However, the first thing to rely on is experience for most common numerical simulation methods during the initial well location design, the optimized layout and adding new well locations. In order to improve the efficiency and accuracy of the simulation, the automatic optimization numerical simulation method combining with the exploration well location optimization algorithm is needed to realize the automatic seeking of high gas place near the preset well locations and to develop the related APP. It is the most important issue need to be solved in this study.

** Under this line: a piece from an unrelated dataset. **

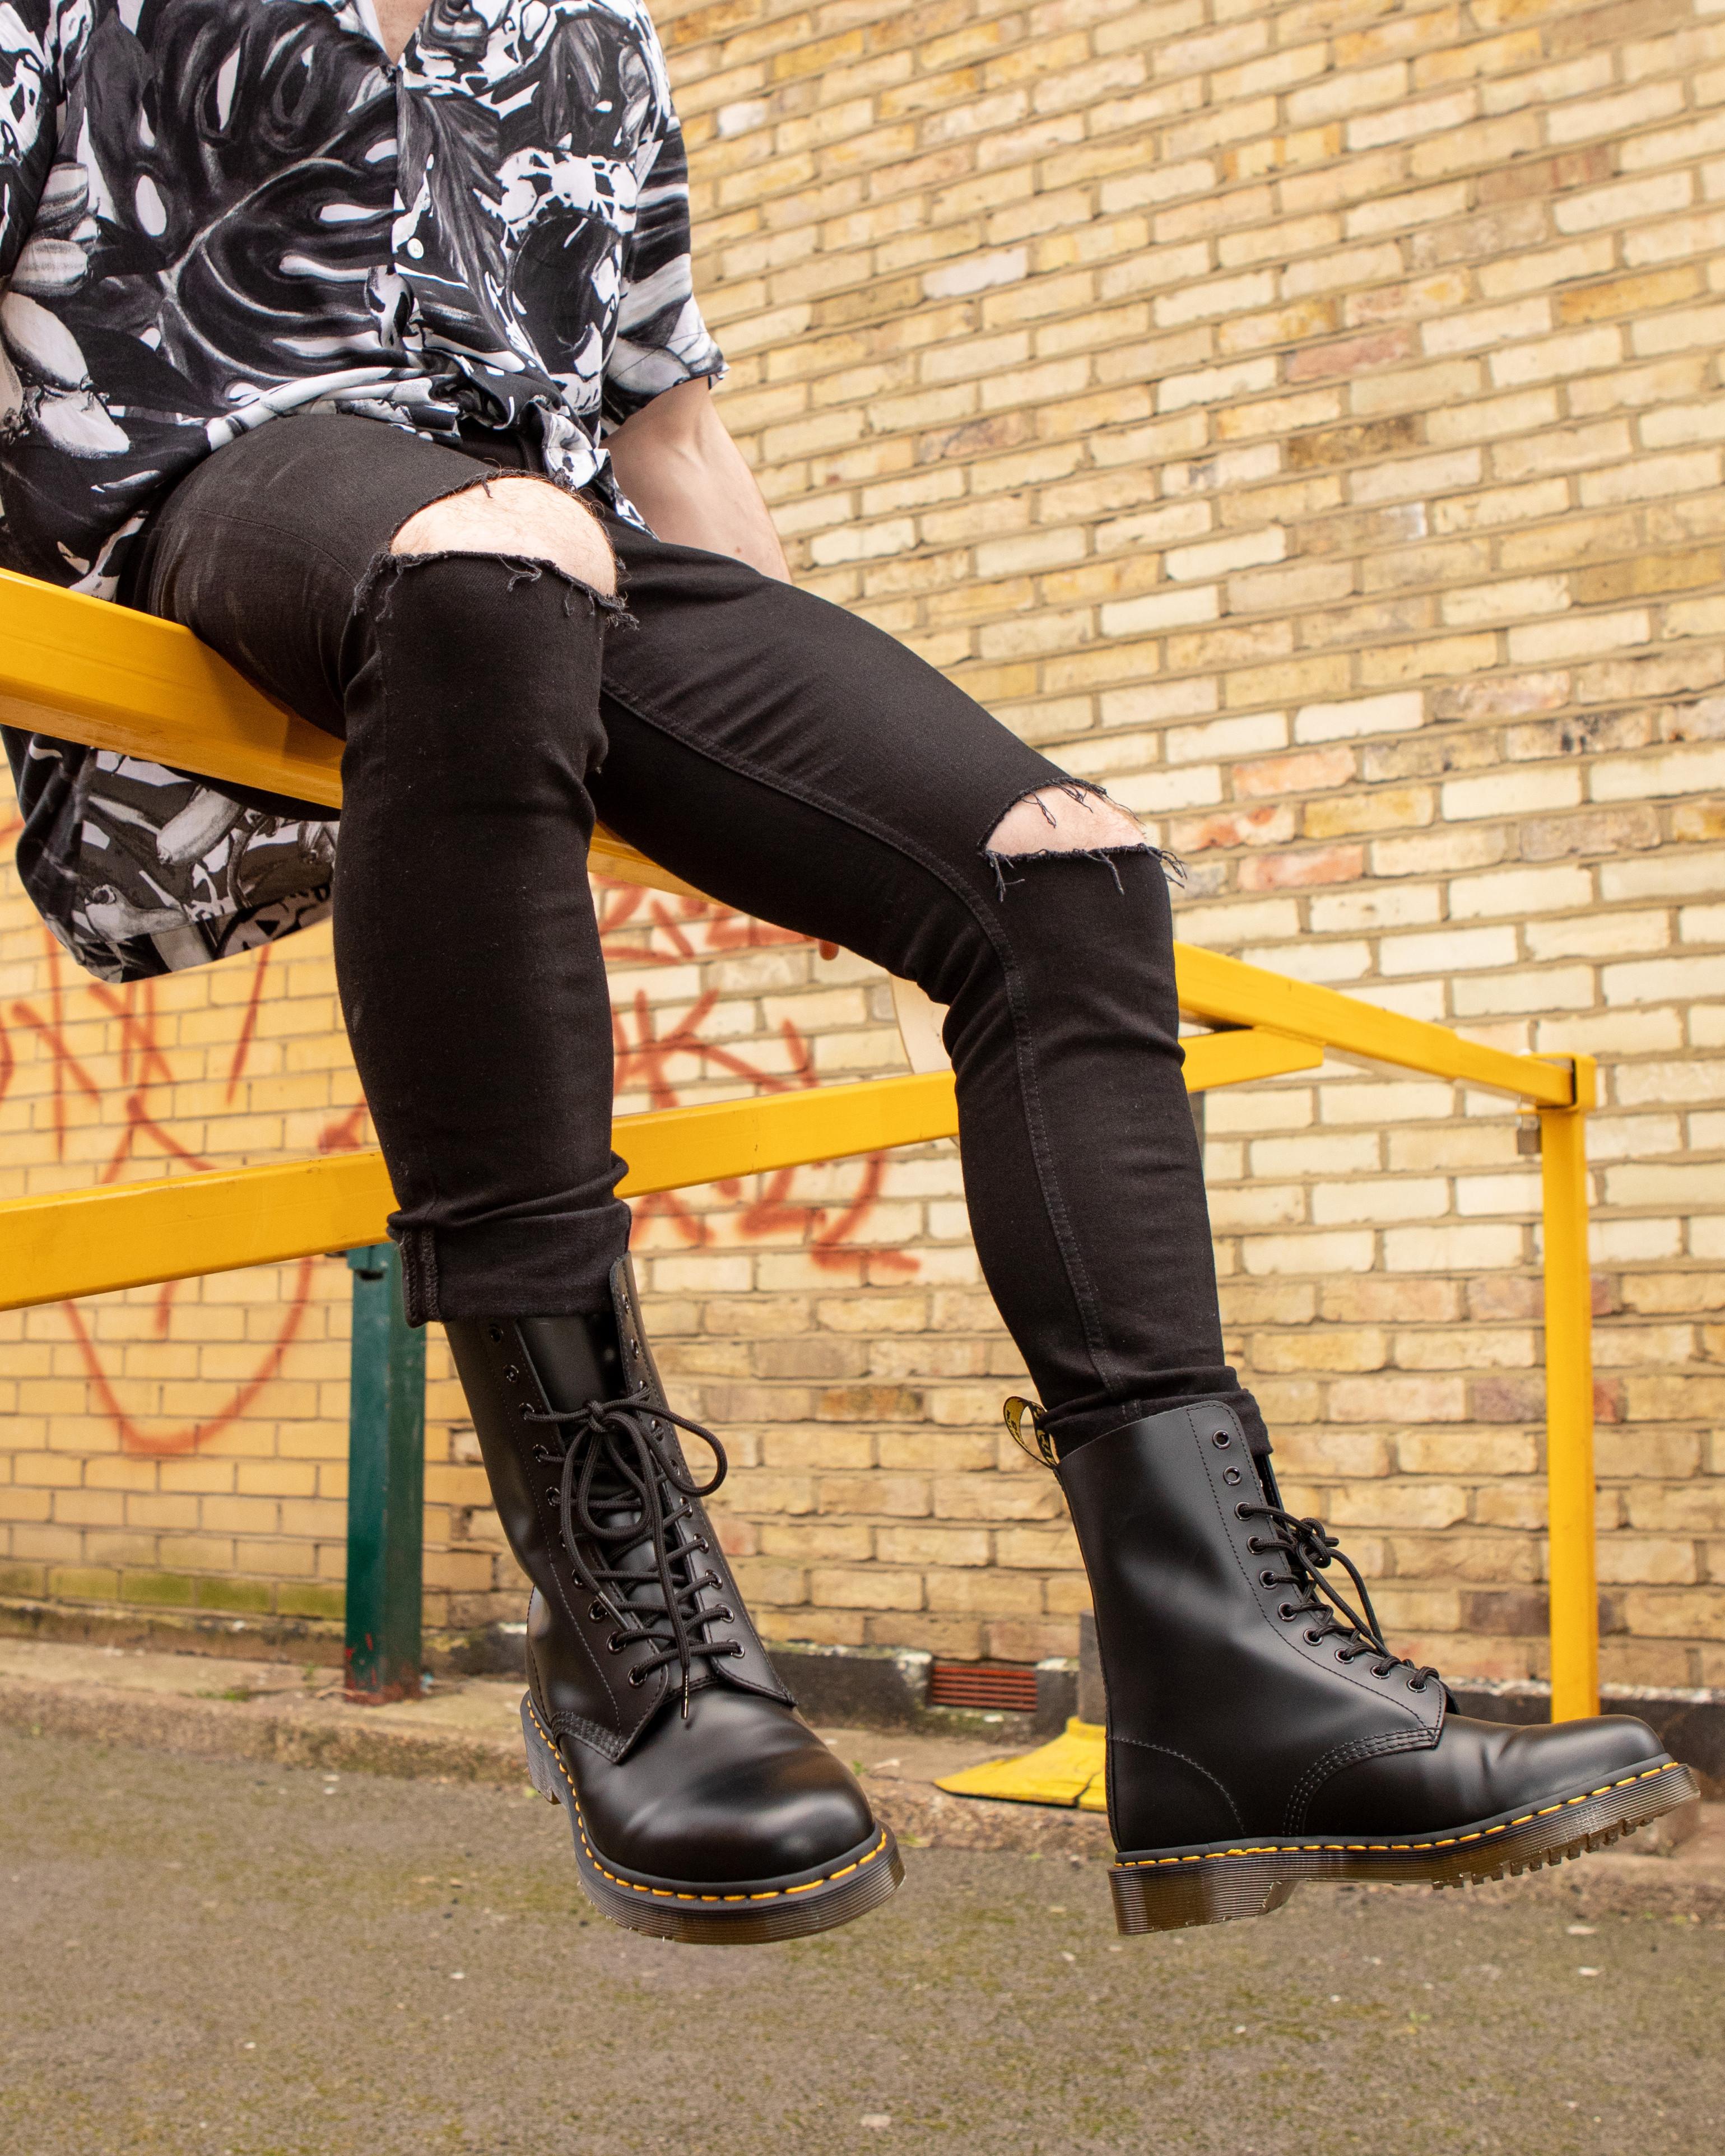 1490 Smooth Leather Mid Calf Boots | Dr. Martens

Numerical simulation of automatic optimization and APP development

In this study, one coal mine of Shenbei Coalfield is taken as the research object. The size of this mine is 900,000 tons/year, and the mining depth is −260m ∼ −800m. Some coal bed gas cannot be fully exploited in the mining area affected by the pressure, porosity, desorption and other factors, so the geological gas well extraction is designed.

Optimization algorithm

The optimization algorithm is divided into gradient optimization algorithm and non-gradient optimization algorithm. In this study, the algorithm proposed by Nelder and Mead (Nelder and Mead, 1965) is selected as the optimization algorithm after comparing the characteristics of various algorithms (Table 1). This algorithm does not involve the derivation operation of complex objective function, it is relatively simple and its convergence is faster; meanwhile, this algorithm is more accurate for the extreme value of the equation with fewer unknown variables.

Table 1.

Characteristics of different optimization algorithms.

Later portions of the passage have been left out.